→ **YOUR GOAL**:
For this exercise, retype all the data exactly and exclude every image.

→ **DATA EXCERPT**:

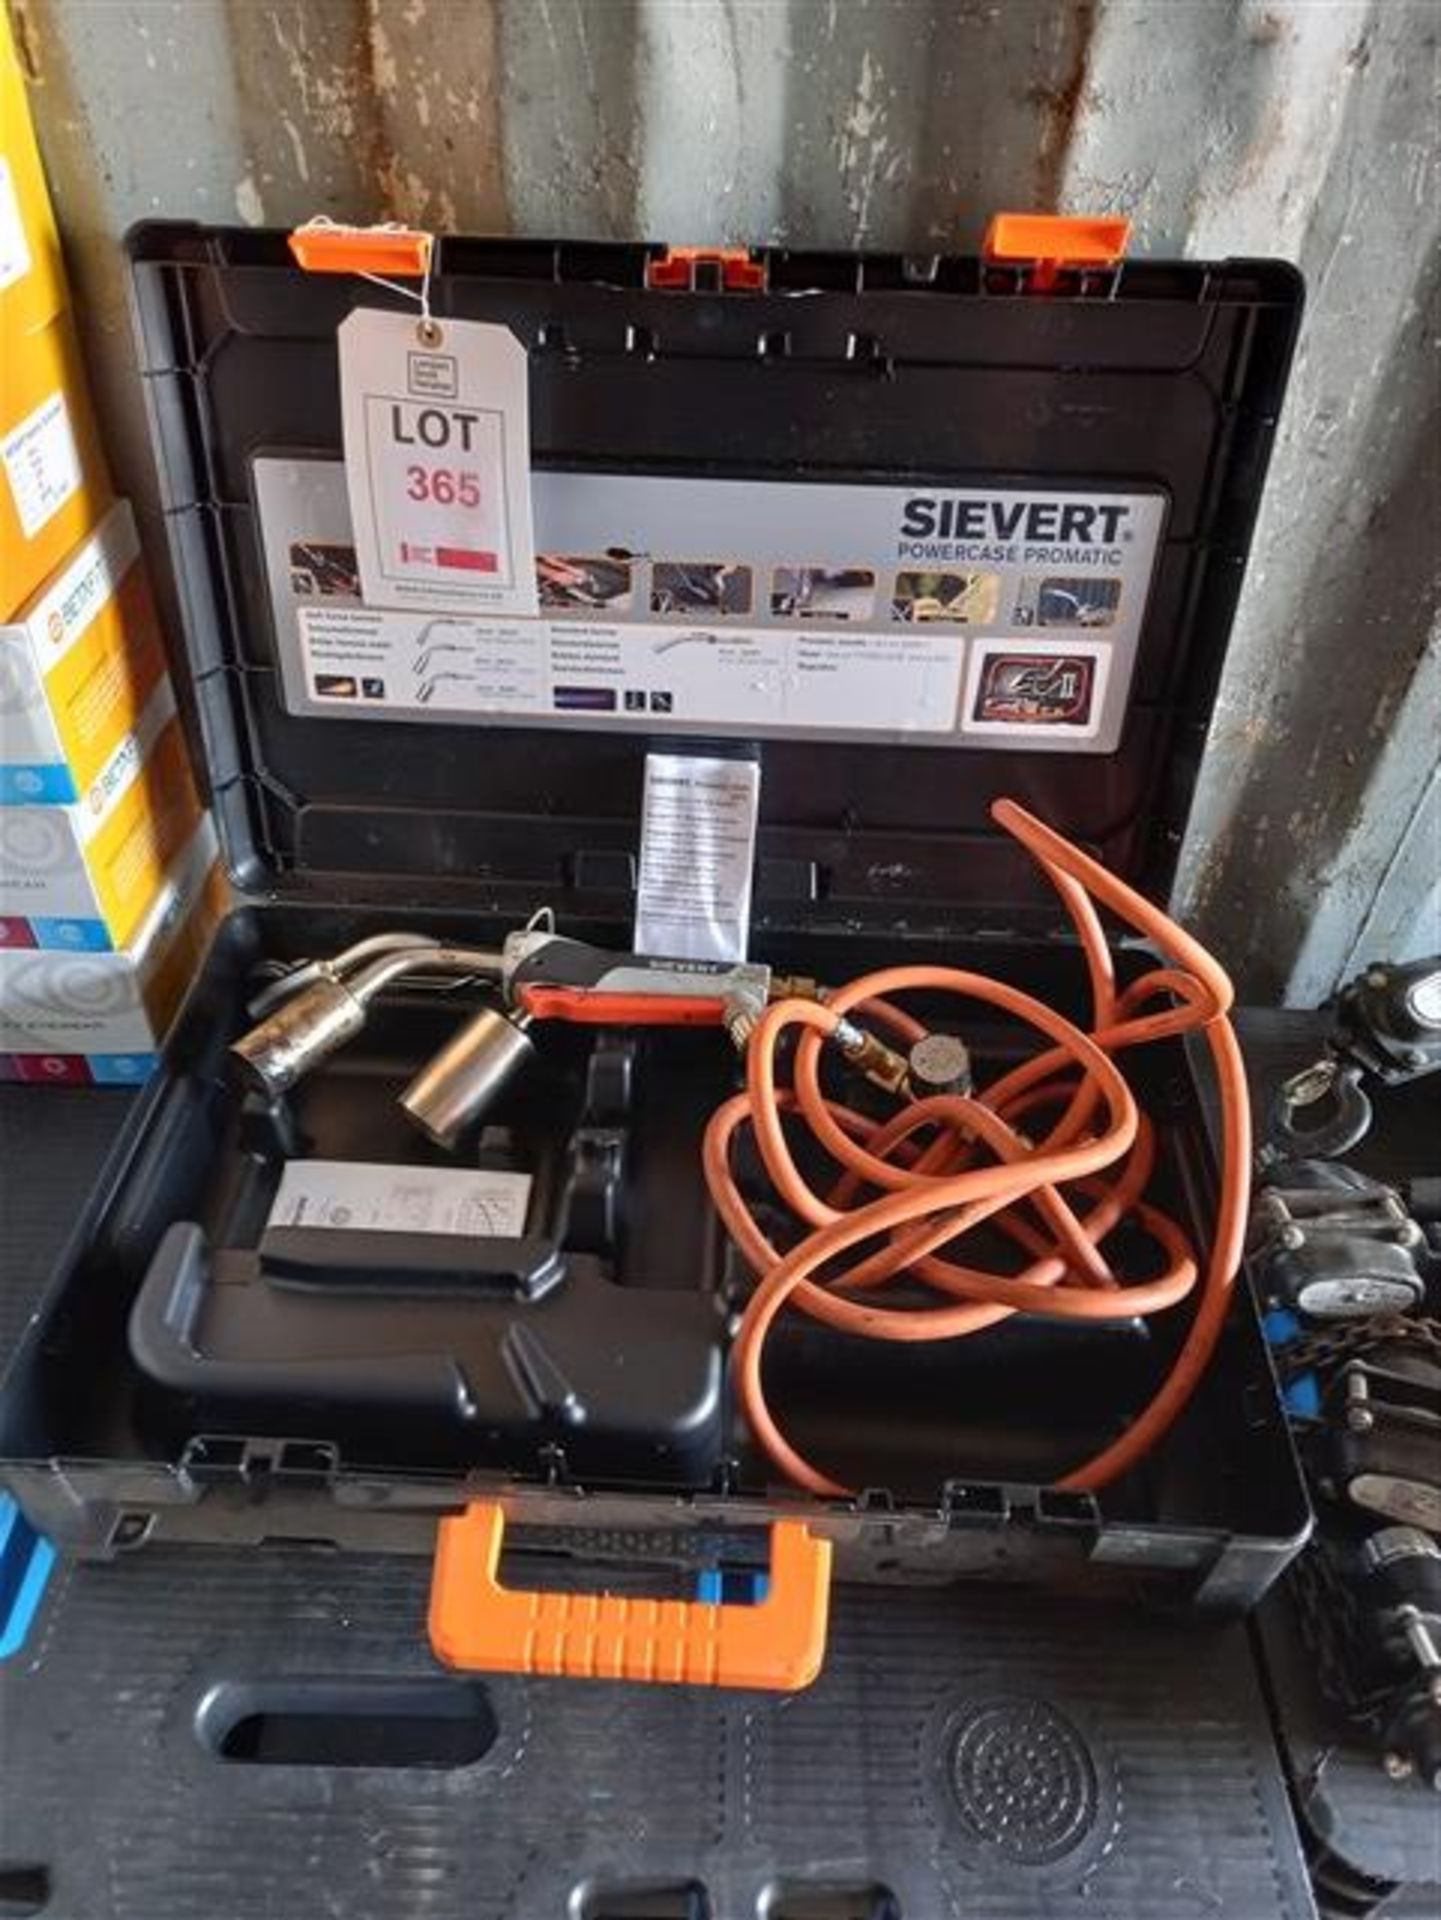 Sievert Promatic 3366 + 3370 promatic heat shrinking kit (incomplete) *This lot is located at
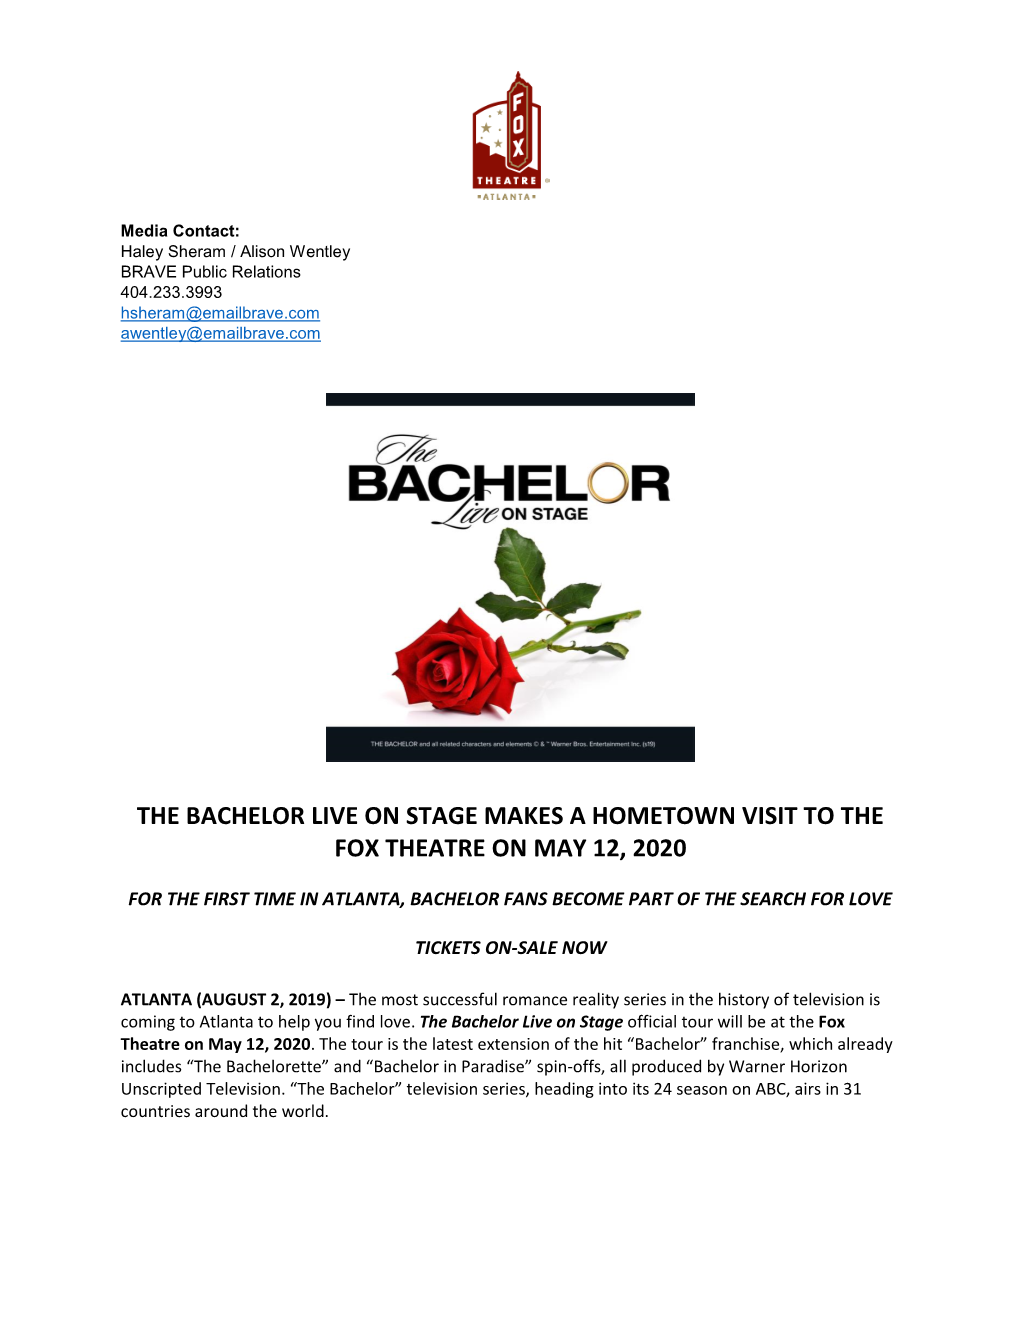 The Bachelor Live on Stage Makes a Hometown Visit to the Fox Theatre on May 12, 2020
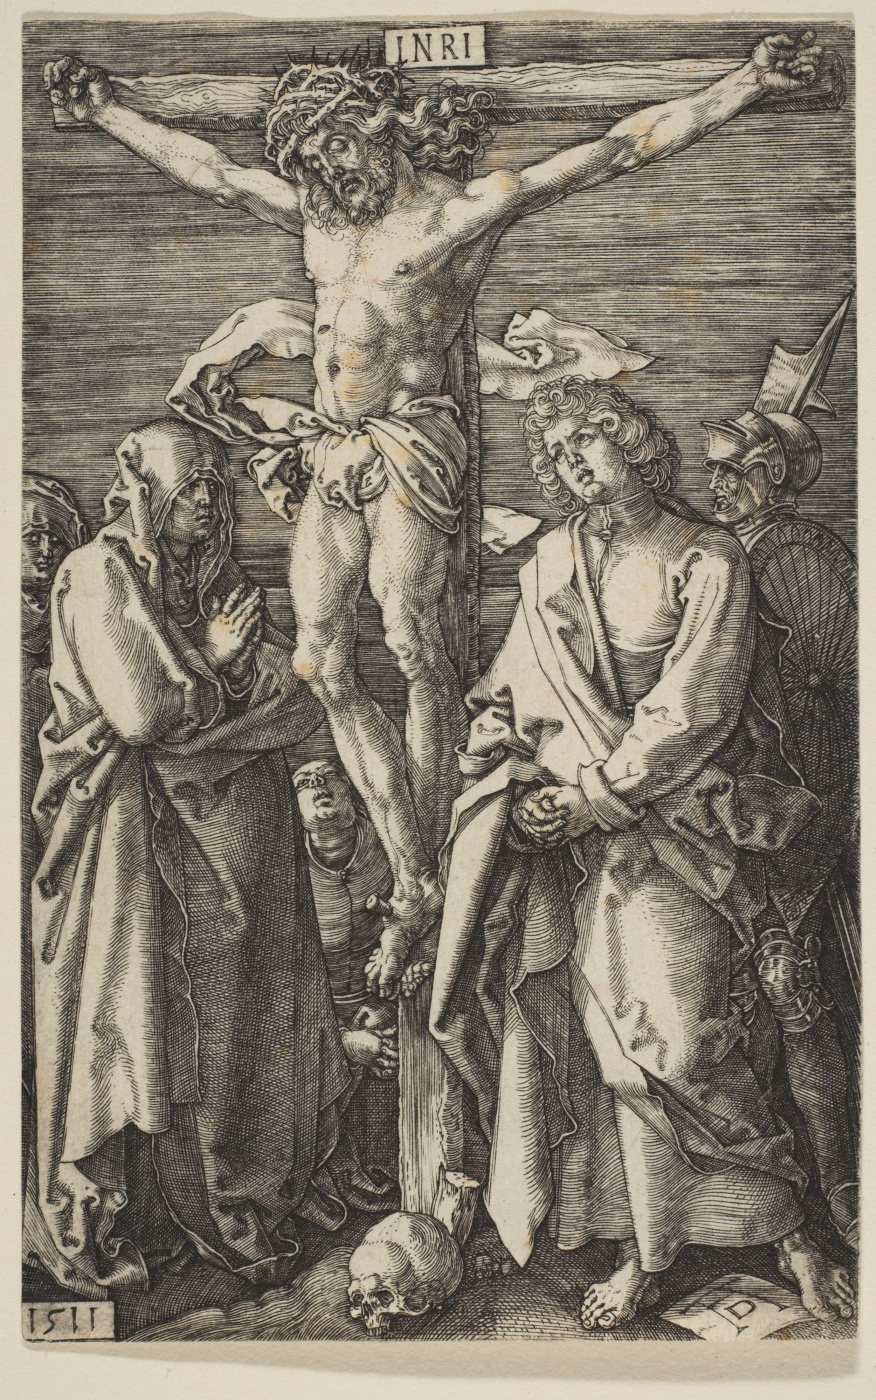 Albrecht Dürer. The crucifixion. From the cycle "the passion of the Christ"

→ **OUTPUT BELOW**:
 Sievert Promatic 3366 + 3370 promatic heat shrinking kit (incomplete) *This lot is located at
 The Bachelor Live on Stage Makes a Hometown Visit to the Fox Theatre on May 12, 2020
 Albrecht Dürer. The crucifixion. From the cycle "the passion of the Christ"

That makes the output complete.